On the other hand, by covering a large area in very short time (ca. 60 ha/h), unmanned aerial vehicles (UAVs) can acquire data more rapidly and less expensively than typical airborne surveys. Commercial UAVs (Sadeghipoor et al. Citation2015) typically acquire RGB (Endres et al. Citation2014) and near-infrared (NIR) images (Chen et al. Citation2015). Using a photogrammetric approach, digital surface models (DSMs), digital terrain models (DTMs) (Dabove et al. Citation2015) and orthophotos (Guarnieri et al. Citation2015) can be generated automatically.
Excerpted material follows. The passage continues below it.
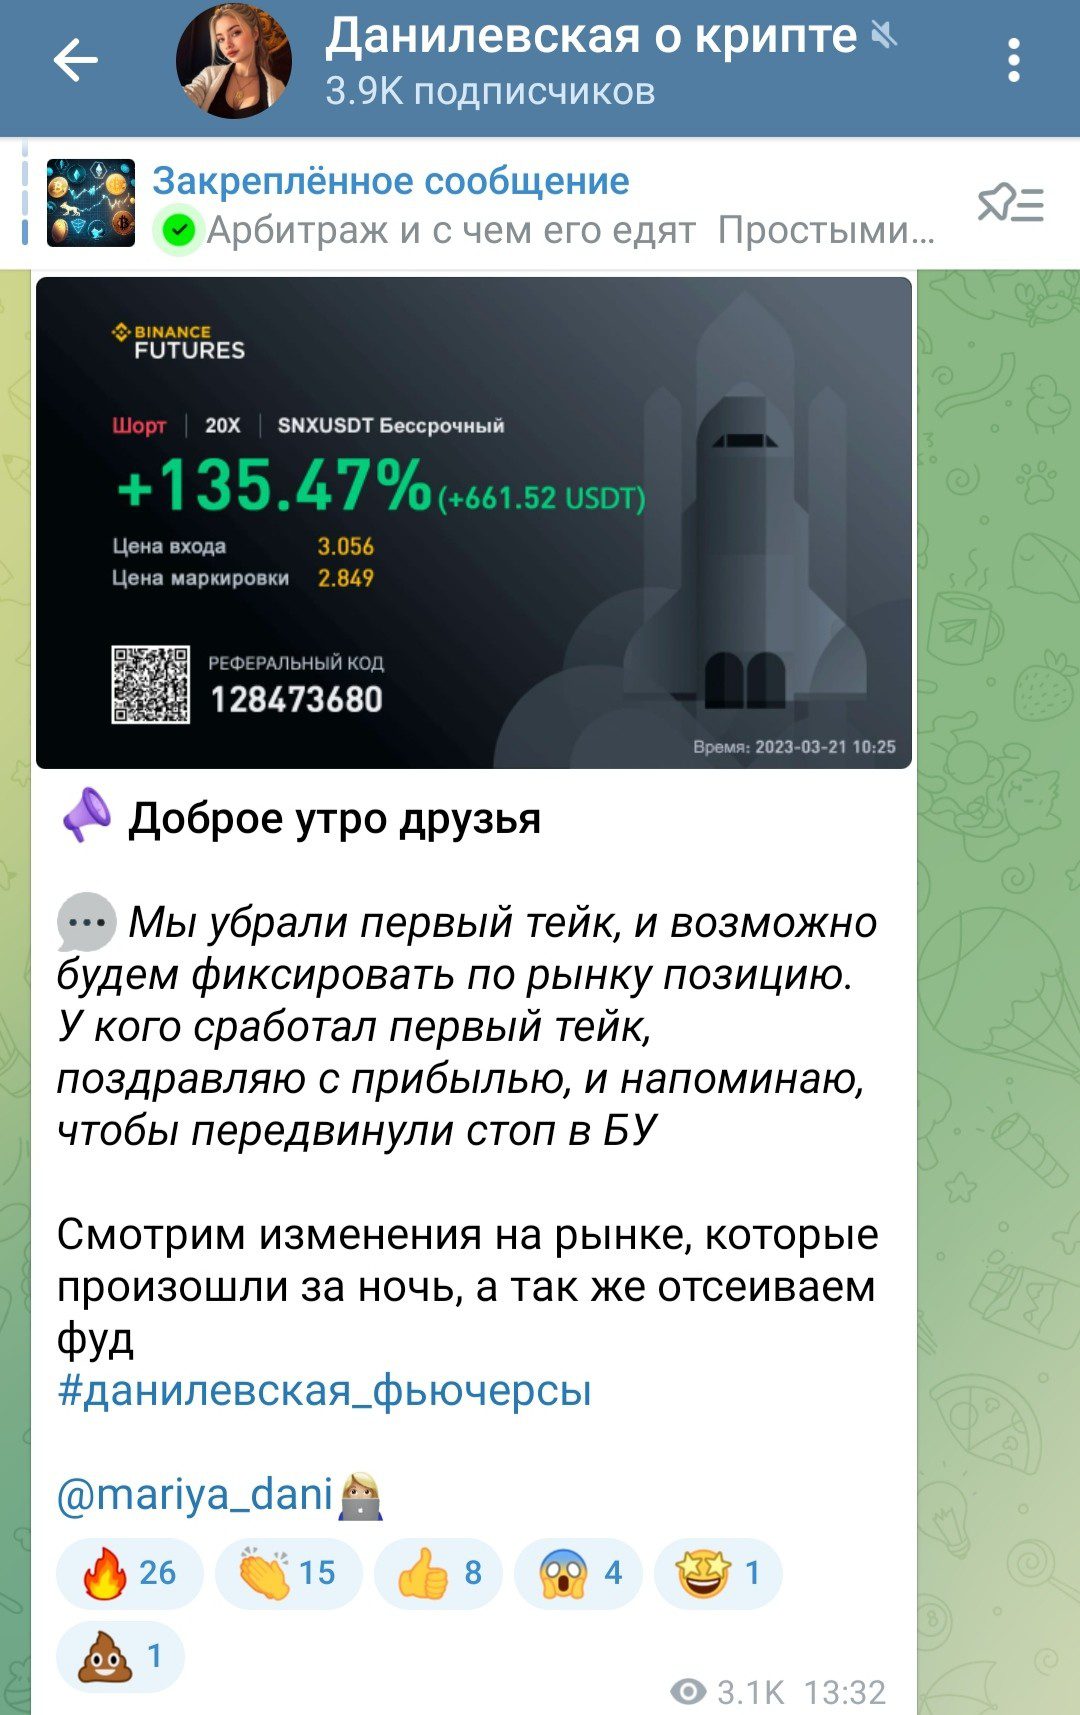 Обзор канала Данилевская о крипте

Slope and aspect maps can also be extracted from DTMs, which are useful for examining the area and extracting the geological map.
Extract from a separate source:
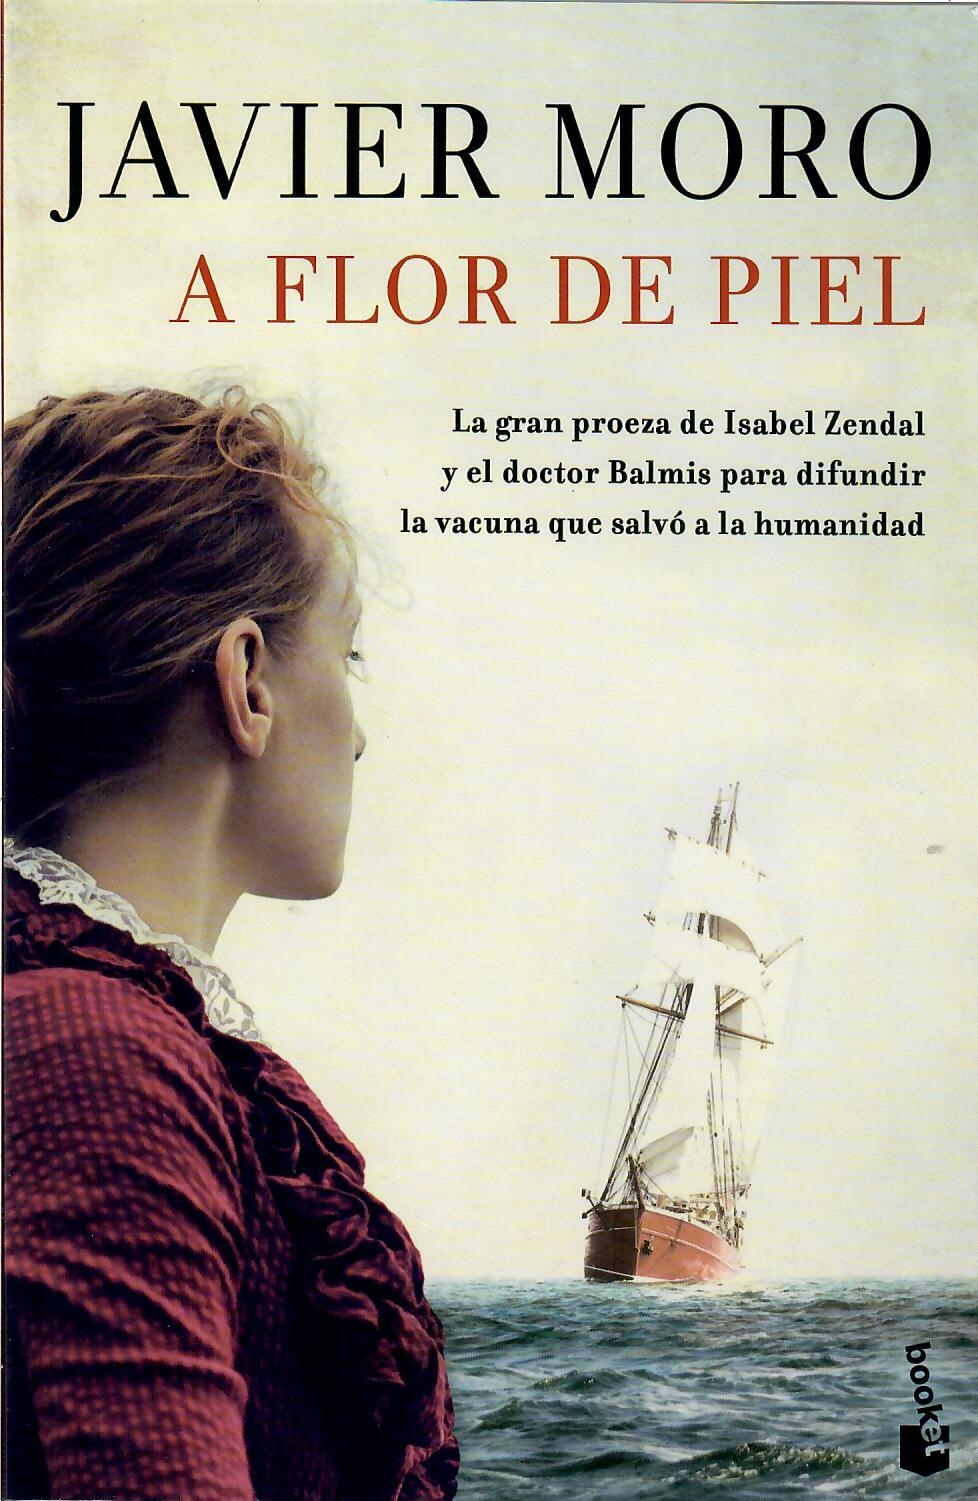 A FLOR DE PIEL - Javier Moro

The final products provide geologists with a more complete and extended point of view, which can then be used to verify the quality and validity of data collected in the field using traditional surveys.
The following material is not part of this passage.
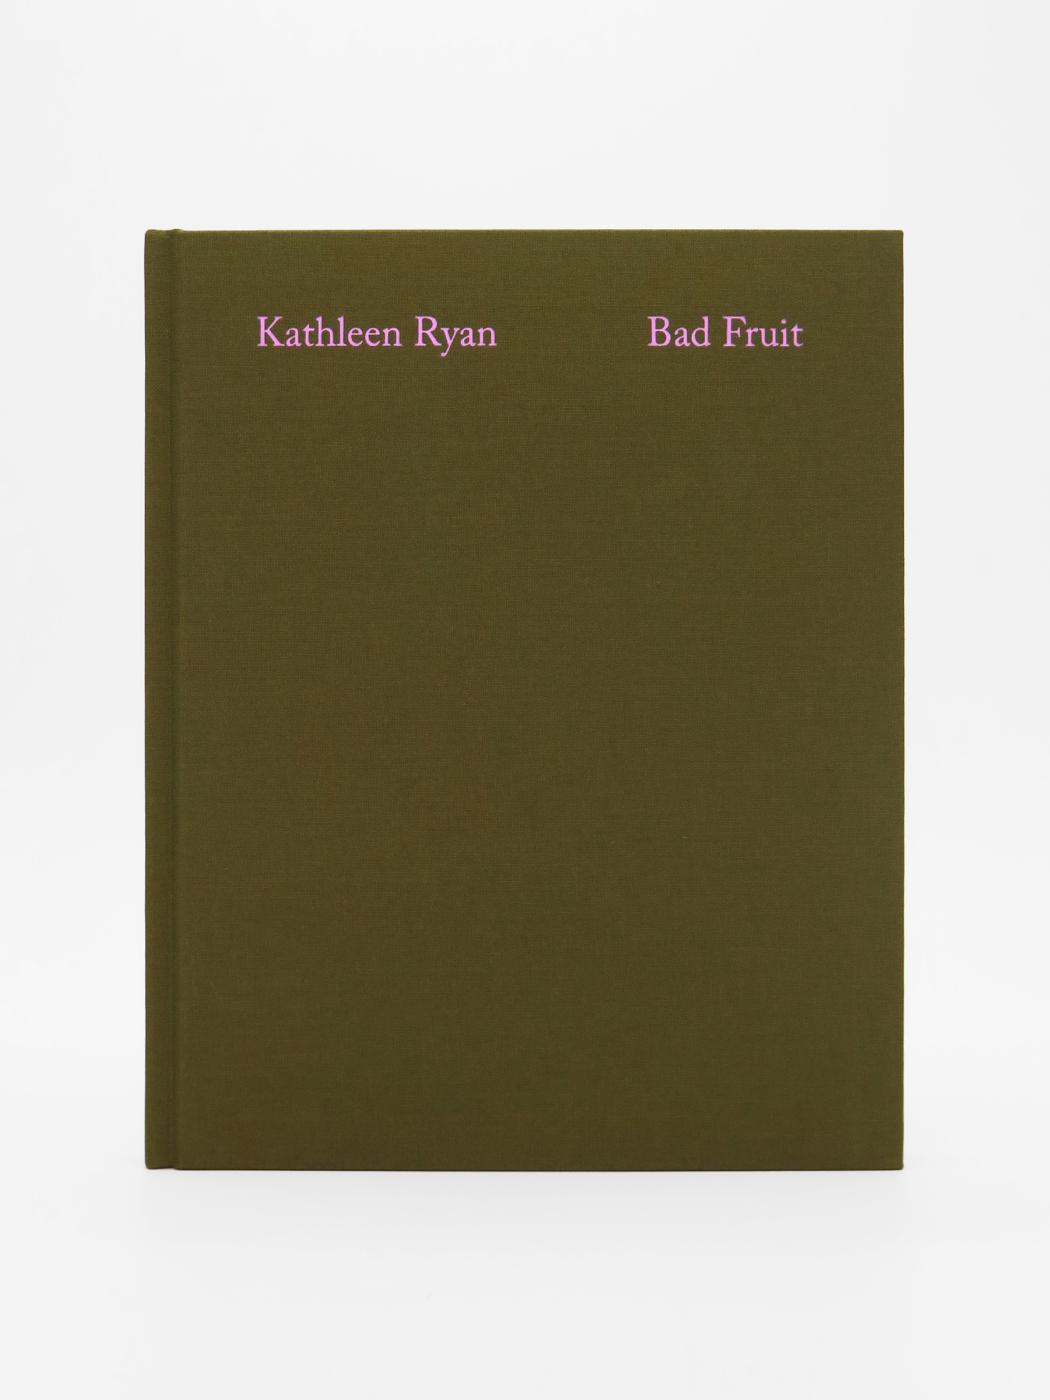 Kathleen Ryan, Bad Fruit

The geological information collected by traditional geological mapping obtained in the field is used to compare the same information which is identified by these maps. Currently, many cartographic geological products are obtained by coupling satellite images (often with low resolution) and field surveys, which is time-consuming and requires very accurate knowledge of the land area.

Geological research with UAVs is carried out all over the world, and exploiting UAVs for geological applications is common. In fact, UAVs have reduced the time of geological surveys, while maintaining the quality of details (Bemis et al. Citation2014). UAVs are often used for regional research such as territory analysis (Farfaglia et al. Citation2015), landslide monitoring (Torrero et al. Citation2015), deformation analysis (Shi & Liu Citation2015), mapping geological structures at a small scale (Vasuki et al. Citation2014), and also for monitoring geothermal environments (Nishar et al. Citation2016). However, to the best of our knowledge, UAVs have not been employed for detailed geological surveys. We used a UAV to map a sector of the Rodoretto Valley, a left tributary of the Germanasca Valley, located in the Western Alps (NW Italy) on the Greenstone and Schist (GS) Complex of the Penninic Domain (). The area investigated was formed by glaciers and deep-seated gravitational slope deformations.

Figure 1. Aerial image of the study area (A) and western geological map modified by Mattirolo et al. (Citation1913) (B), where the star represents the study area.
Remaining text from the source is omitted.